PROBLEM TO WORK ON >>
Your response should be the lines from the one holding "CdV, Carl Hertel, Frankfurt, Nr." to the last line of the data below, copied exactly and with no additions.

RECORD SET >>

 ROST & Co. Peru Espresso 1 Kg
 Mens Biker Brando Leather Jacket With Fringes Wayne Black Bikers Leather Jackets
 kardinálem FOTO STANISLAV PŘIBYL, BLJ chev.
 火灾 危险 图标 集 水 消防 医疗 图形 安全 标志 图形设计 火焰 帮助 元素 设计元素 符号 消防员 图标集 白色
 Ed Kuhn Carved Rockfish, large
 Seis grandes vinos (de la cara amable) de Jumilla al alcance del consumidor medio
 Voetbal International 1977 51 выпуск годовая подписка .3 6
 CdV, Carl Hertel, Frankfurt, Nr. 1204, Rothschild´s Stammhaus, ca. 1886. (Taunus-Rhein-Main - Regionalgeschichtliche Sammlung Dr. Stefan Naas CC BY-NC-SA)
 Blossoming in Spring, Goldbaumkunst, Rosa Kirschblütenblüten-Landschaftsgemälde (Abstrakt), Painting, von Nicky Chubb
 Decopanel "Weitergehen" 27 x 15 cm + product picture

TASK RESULT >>
 CdV, Carl Hertel, Frankfurt, Nr. 1204, Rothschild´s Stammhaus, ca. 1886. (Taunus-Rhein-Main - Regionalgeschichtliche Sammlung Dr. Stefan Naas CC BY-NC-SA)
 Blossoming in Spring, Goldbaumkunst, Rosa Kirschblütenblüten-Landschaftsgemälde (Abstrakt), Painting, von Nicky Chubb
 Decopanel "Weitergehen" 27 x 15 cm + product picture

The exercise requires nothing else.